XML parser performance in Python 3.3
For a recent bug ticket about MiniDOM, I collected some performance numbers that compare it to ElementTree, cElementTree and lxml.etree under a recent CPython 3.3 developer build, all properly compiled and optimised for Linux 64bit, using os.fork() and the resource module to get a clean measure of the memory usage for the in-memory tree. Here are the numbers:
Parsing hamlet.xml in English, 274KB:
Memory usage: 7284
xml.etree.ElementTree.parse done in 0.104 seconds
Memory usage: 14240 (+6956)
xml.etree.cElementTree.parse done in 0.022 seconds
Memory usage: 9736 (+2452)
lxml.etree.parse done in 0.014 seconds
Memory usage: 11028 (+3744)
minidom tree read in 0.152 seconds
Memory usage: 30360 (+23076)
Parsing the old testament in English (ot.xml, 3.4MB) into memory:
Memory usage: 20444 xml.etree.ElementTree.parse done in 0.385 seconds Memory usage: 46088 (+25644) xml.etree.cElementTree.parse done in 0.056 seconds Memory usage: 32628 (+12184) lxml.etree.parse done in 0.041 seconds Memory usage: 37500 (+17056) minidom tree read in 0.672 seconds Memory usage: 110428 (+89984)

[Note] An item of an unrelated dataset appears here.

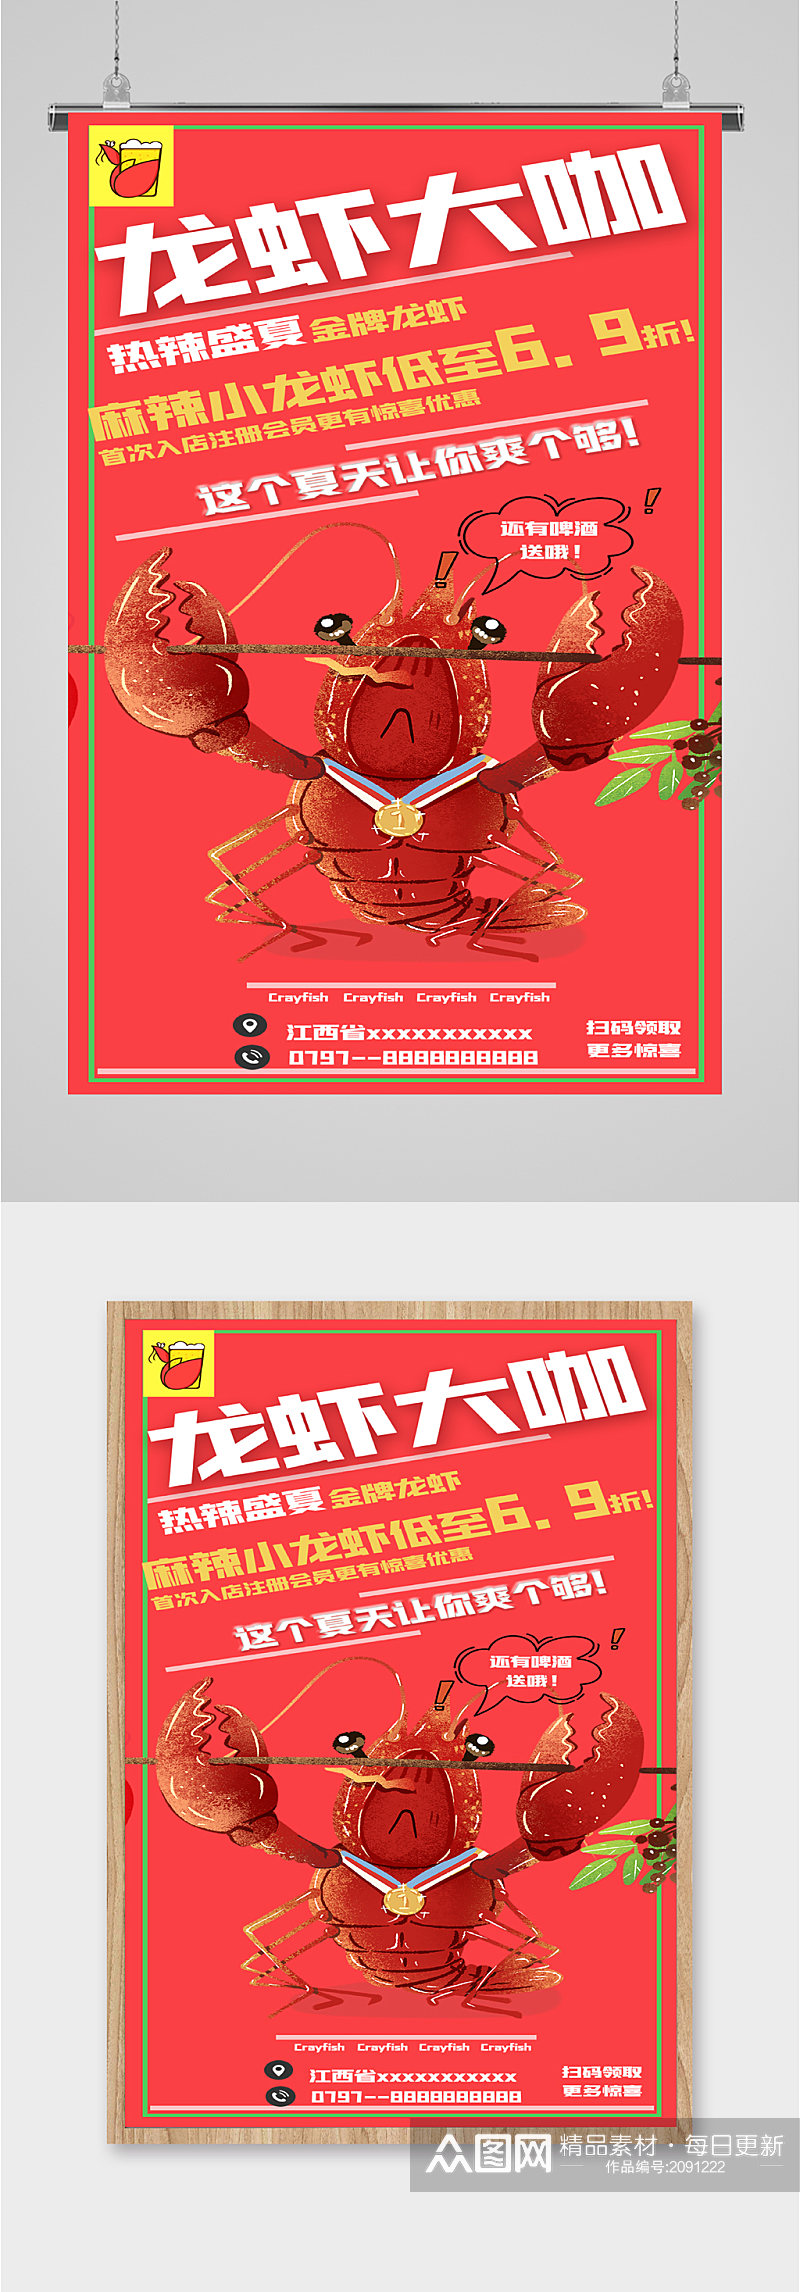 龙虾大咖小龙虾美食优惠海报素材

A 25MB XML file with Slavic Unicode text content:
Memory usage: 57368 xml.etree.ElementTree.parse done in 3.274 seconds Memory usage: 223720 (+166352) xml.etree.cElementTree.parse done in 0.459 seconds Memory usage: 154012 (+96644) lxml.etree.parse done in 0.454 seconds Memory usage: 135720 (+78352) minidom tree read in 6.193 seconds Memory usage: 604860 (+547492)

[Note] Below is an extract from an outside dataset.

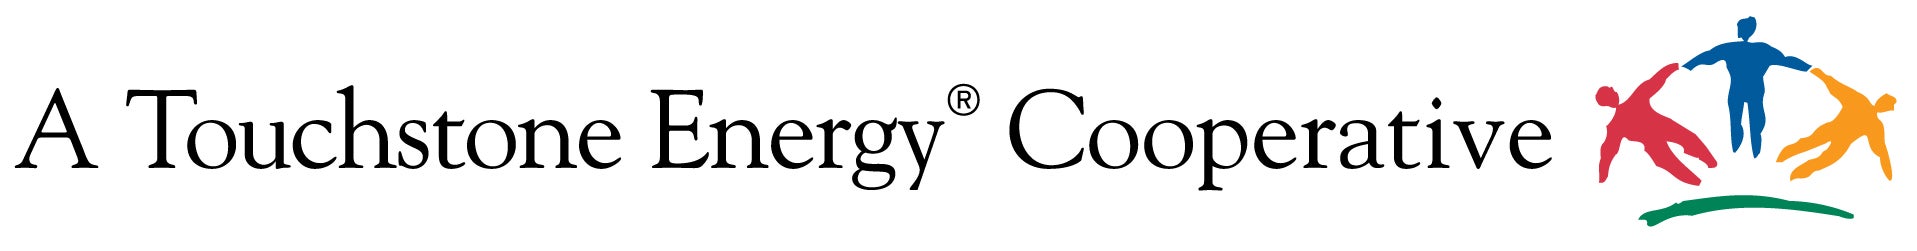 Touchstone Energy logo

And a contrived 4.5MB XML file with a lot more structure than data and no whitespace at all:
Memory usage: 11600 xml.etree.ElementTree.parse done in 3.374 seconds Memory usage: 203420 (+191820) xml.etree.cElementTree.parse done in 0.192 seconds Memory usage: 36444 (+24844) lxml.etree.parse done in 0.131 seconds Memory usage: 62648 (+51048) minidom tree read in 5.935 seconds Memory usage: 527684 (+516084)
I also took the last file and pretty printed it, thus adding lots of indentation whitespace that increased the file size to 6.2MB. Here are the numbers for that:
Memory usage: 13308 xml.etree.ElementTree.parse done in 4.178 seconds Memory usage: 222088 (+208780) xml.etree.cElementTree.parse done in 0.478 seconds Memory usage: 103056 (+89748) lxml.etree.parse done in 0.199 seconds Memory usage: 101860 (+88552) minidom tree read in 8.705 seconds Memory usage: 810964 (+797656)

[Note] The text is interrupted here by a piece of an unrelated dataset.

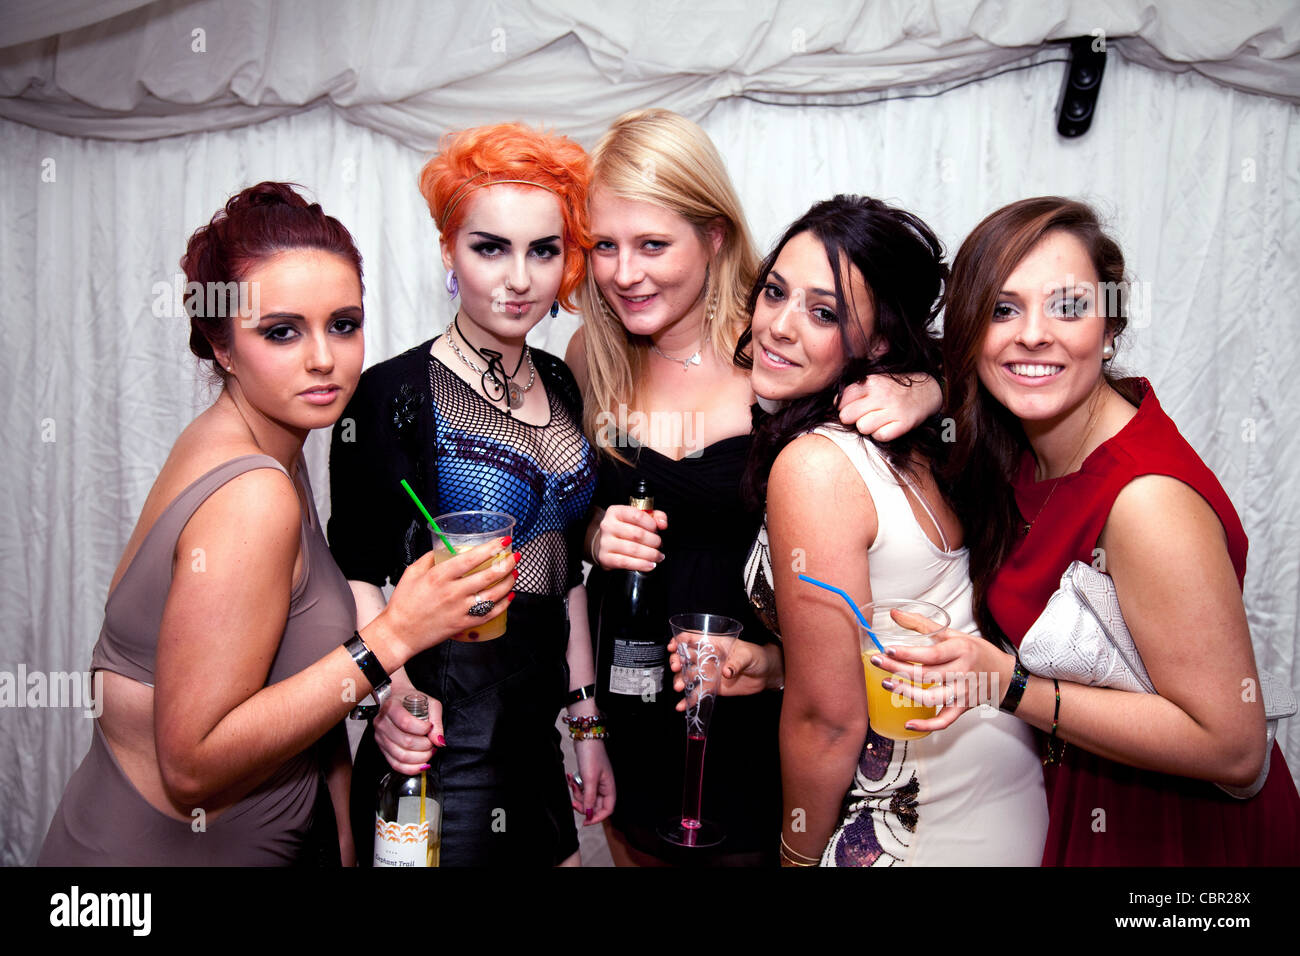 Eine Gruppe von fünf Jugendlichen Mädchen im Teenageralter mit Alkohol bei einer Partei, England, UK Stockfoto

Yes, 2MB of whitespace account for almost 300MB more memory in MiniDOM.
Here are the graphs:
I think it is pretty clear that minidom has basically left the scale, whereas cElementTree and lxml.etree are pretty close to each other. lxml tends to be a tad faster, and cElementTree tends to use a little less memory.